Nile Ranger's long journey back to football: "I’ve reflected on everything I’ve done wrong – and everyone I've hurt"

Nile Ranger
(Image credit: Ryan Inzana / FourFourTwo)

This article was first published in August 2020. Interview by Alec Fenn

For as long as I can remember I’ve been trouble, which is strange for a boy whose earliest memories are going to church with his mum as a toddler. In primary school, I’d tell the teachers to ‘go f**k themselves’ and often fight in the playground. Then in Year 6, I was permanently excluded for hitting a teacher with a dinner tray and almost breaking one of her hands.

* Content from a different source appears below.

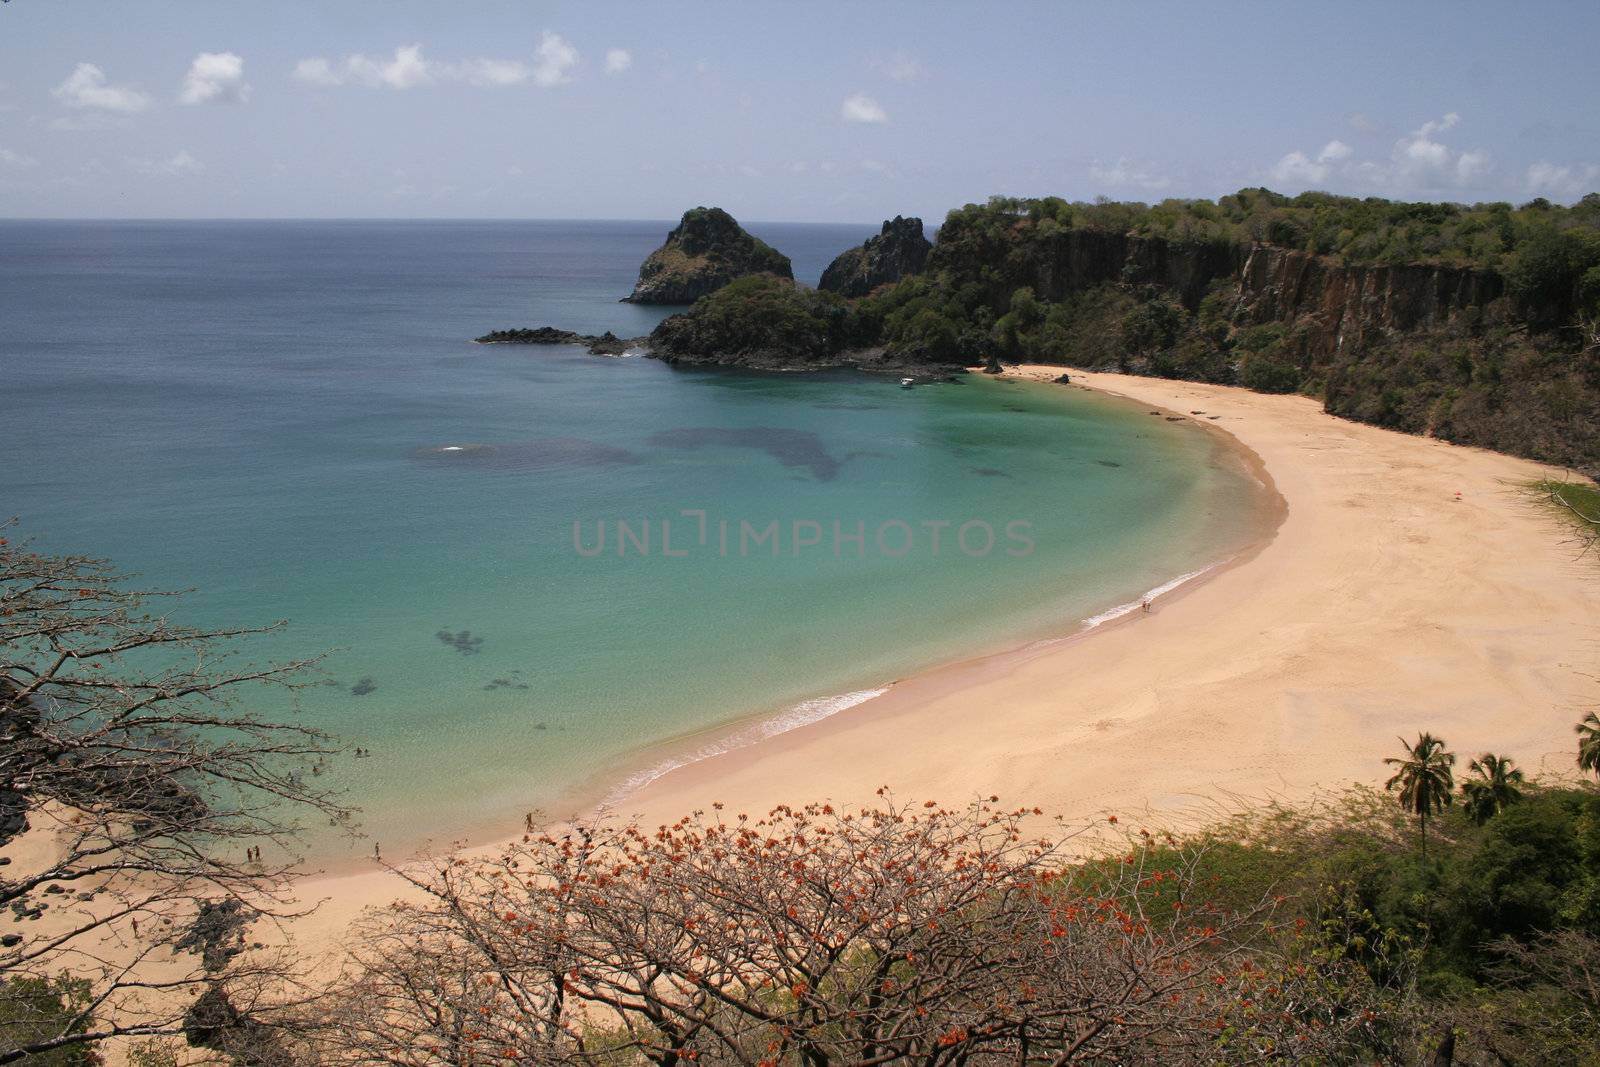 The "Sancho Bay" in Fernando de Noronha, a paradisiac island off the coast of Brazil.

Like for many kids, football was an outlet, but it wasn’t enough to keep me on the straight and narrow. Crystal Palace signed me when I was 10 and I played in the same team as Wilfried Zaha and John Bostock, but I lasted only two years there before they released me because of my bad behaviour at school. People often talk about street footballers who learn their skills on the concrete, but I learned a different trade in the darkest corners of north London.

In Year 7, while the other kids played football in the playground, I’d steal mobile phones from the blazers being used for goalposts. After school, I’d head straight to Finsbury Park and sell them to a group of Albanian men I’d met through various acquaintances. Later, I’d roam the streets to steal phones, and the money would just keep rolling in. My mum gave me £2 a day for pocket money, but I didn’t use it to buy sweets – I went to the bookies. I’d spend hours in a trance watching my cousin playing on brightly-lit slot machines, and then give him my money to gamble for me.

When I was 13, the teachers asked my mum to come to school and sit at the back of the classroom to try to correct my behaviour. It didn’t work. In Year 9, I was kicked out for good after burning my classmates with a Bunsen burner. I enrolled at a special school, The Octagon, for kids with learning difficulties or behavioural problems. It felt like a mini prison, with smaller classes and more staff to police the lessons and make sure we didn’t run riot. I was surrounded by bad lads just like me, and it wasn’t long before I was up to my old tricks.

Nile Ranger

(Image credit: Ryan Inzana / FourFourTwo)

Football was my one hope of making something from my life. I joined a semi-professional team called Haringey Borough, where there was a decent standard of football and somewhere to channel my pent-up energy. At least, that’s what should have happened. I was still mixing with the wrong crowd, and one night was among a gang of lads who robbed a nearby high school. I was arrested, bailed for seven months and put on curfew – but that still didn’t stop me. I repeatedly flouted the curfew to rob more houses. Mum grassed on me to the police, and soon I was arrested for another robbery. They fitted an electronic tag on my ankle but I found a way of slipping it off using some fairy liquid, so I could loot more homes.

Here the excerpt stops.